Task instructions: An exact reproduction of the listing is wanted, with the pictures dropped.

Supplied material:

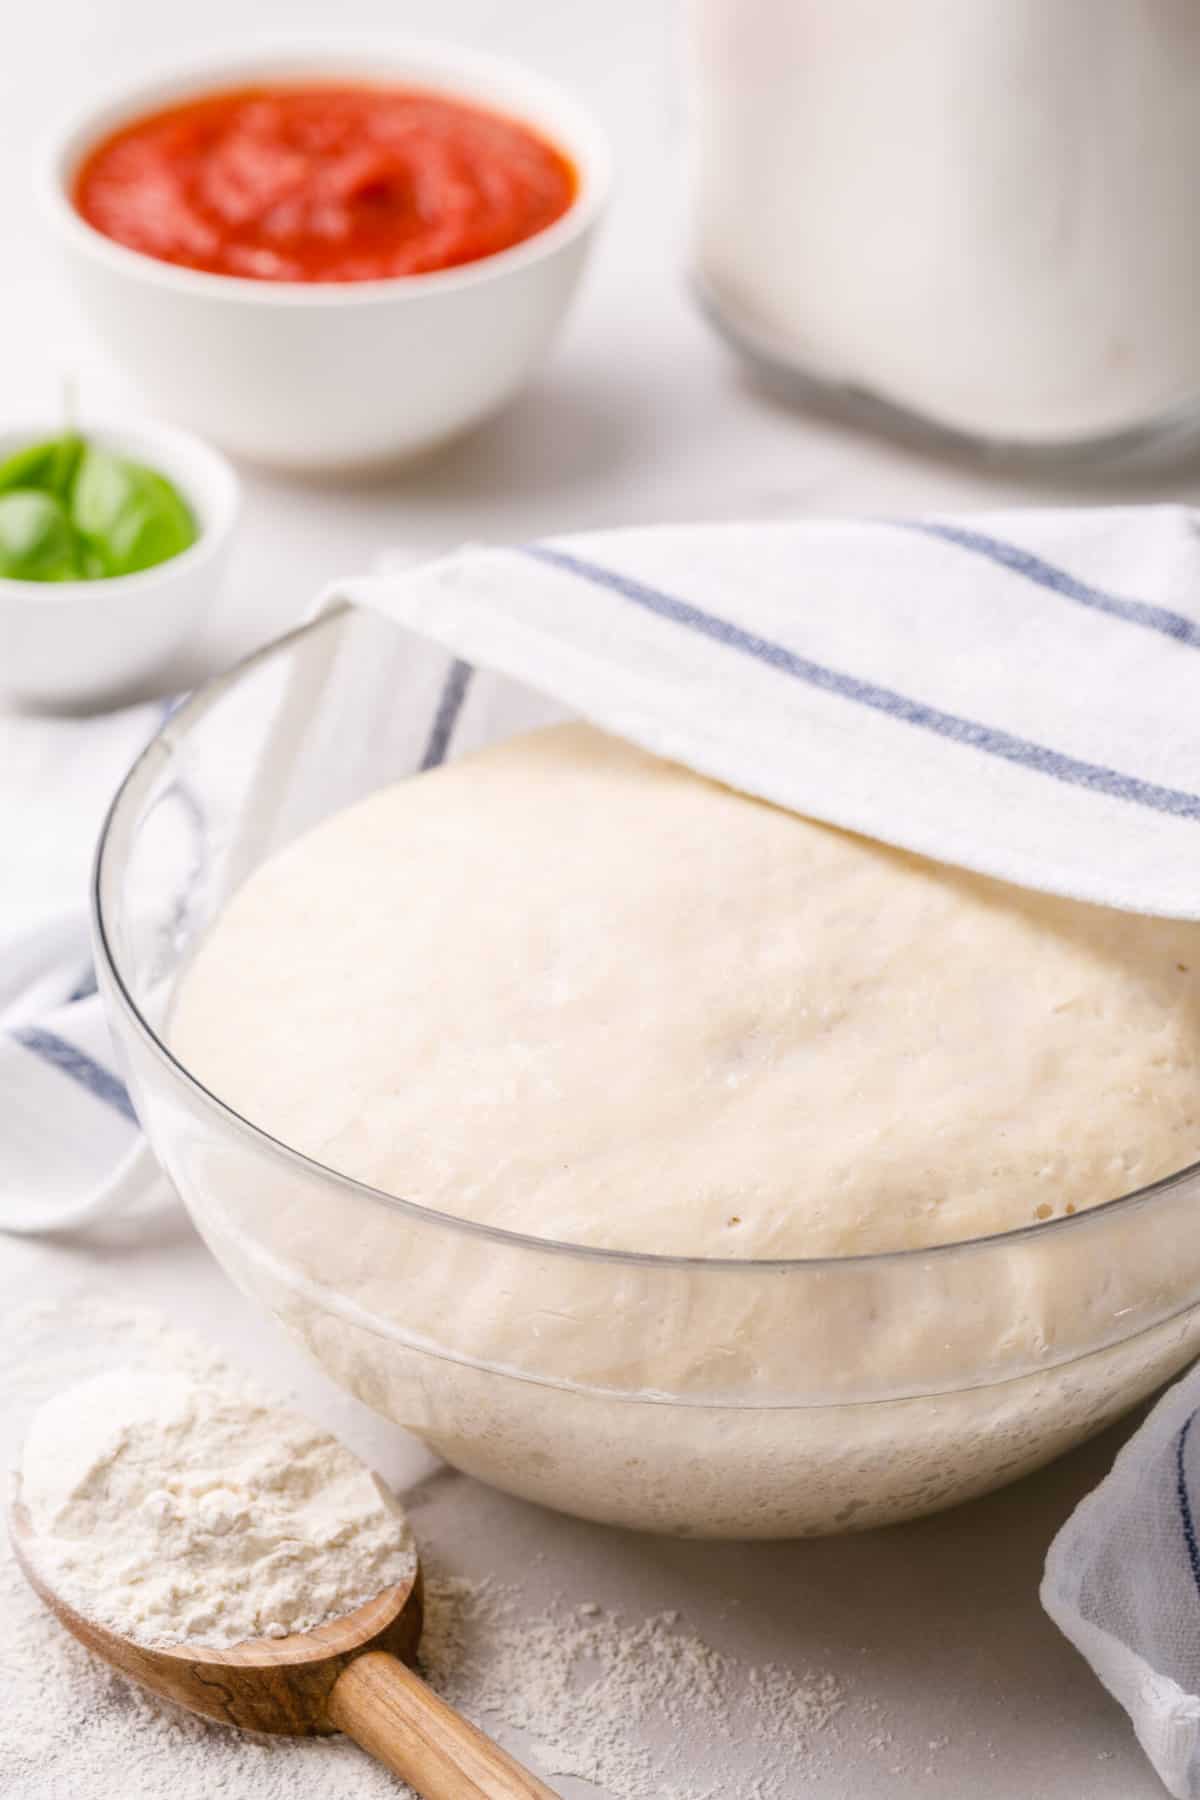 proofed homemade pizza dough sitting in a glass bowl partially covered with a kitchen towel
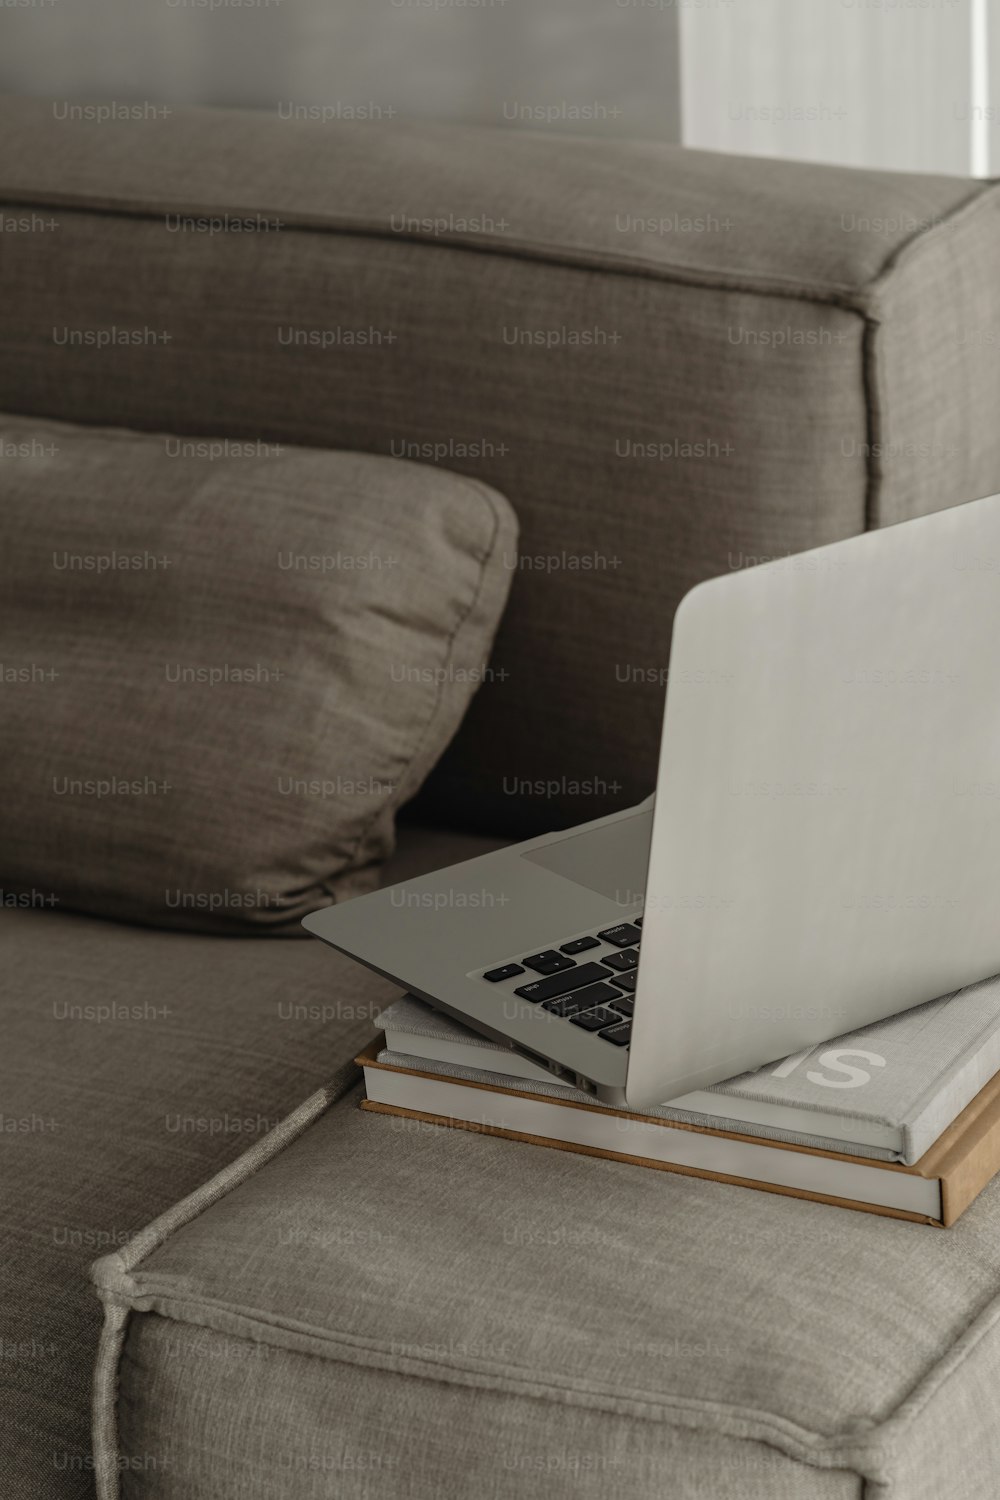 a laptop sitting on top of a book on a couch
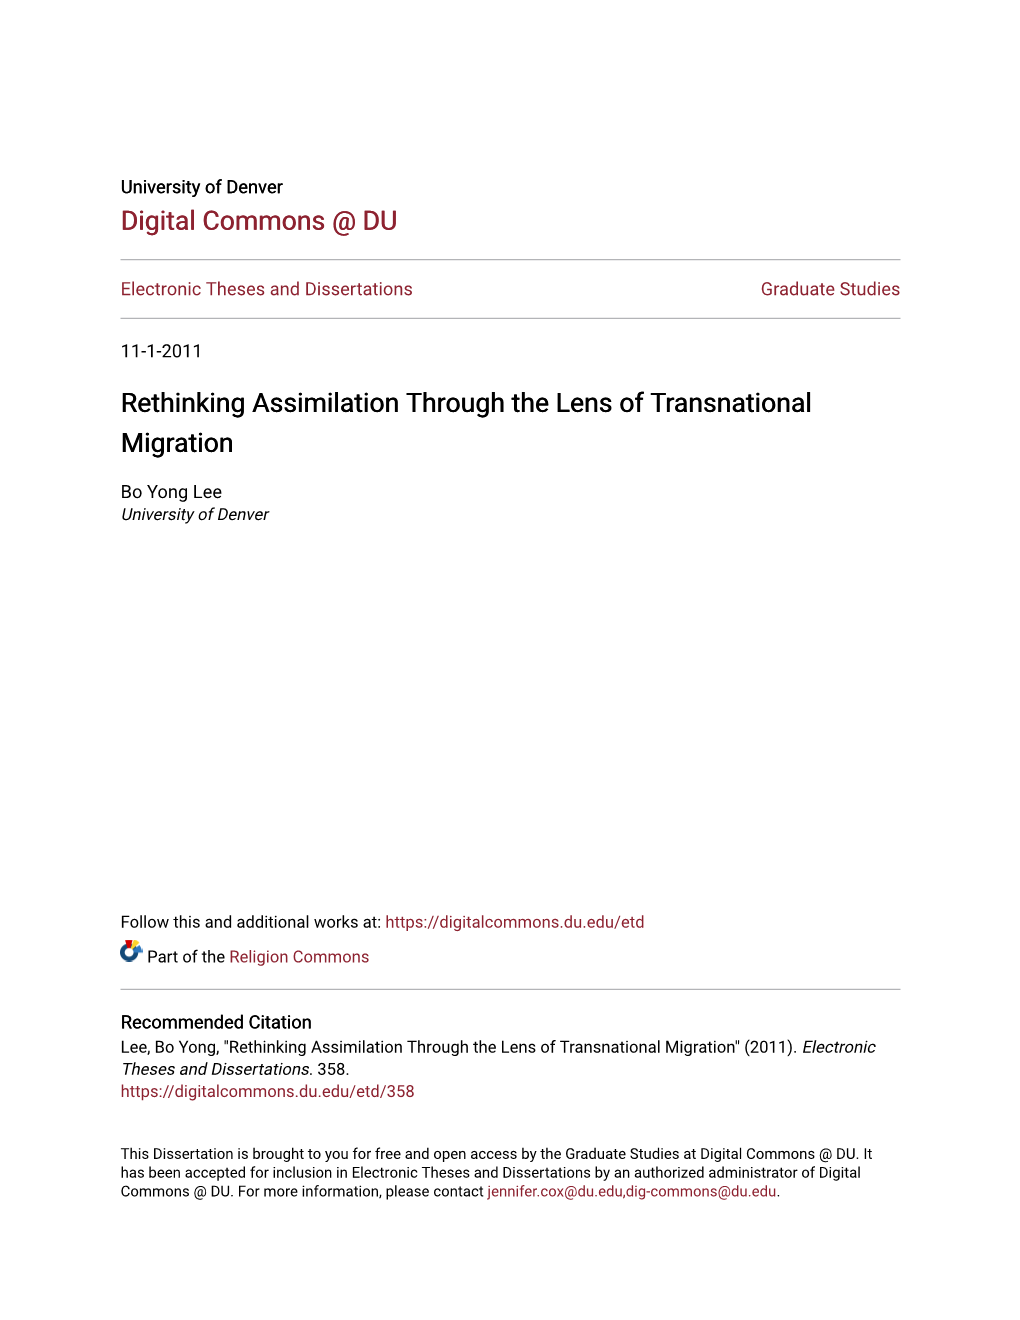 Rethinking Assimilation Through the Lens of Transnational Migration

Result for this exercise:
 proofed homemade pizza dough sitting in a glass bowl partially covered with a kitchen towel
 a laptop sitting on top of a book on a couch
 Rethinking Assimilation Through the Lens of Transnational Migration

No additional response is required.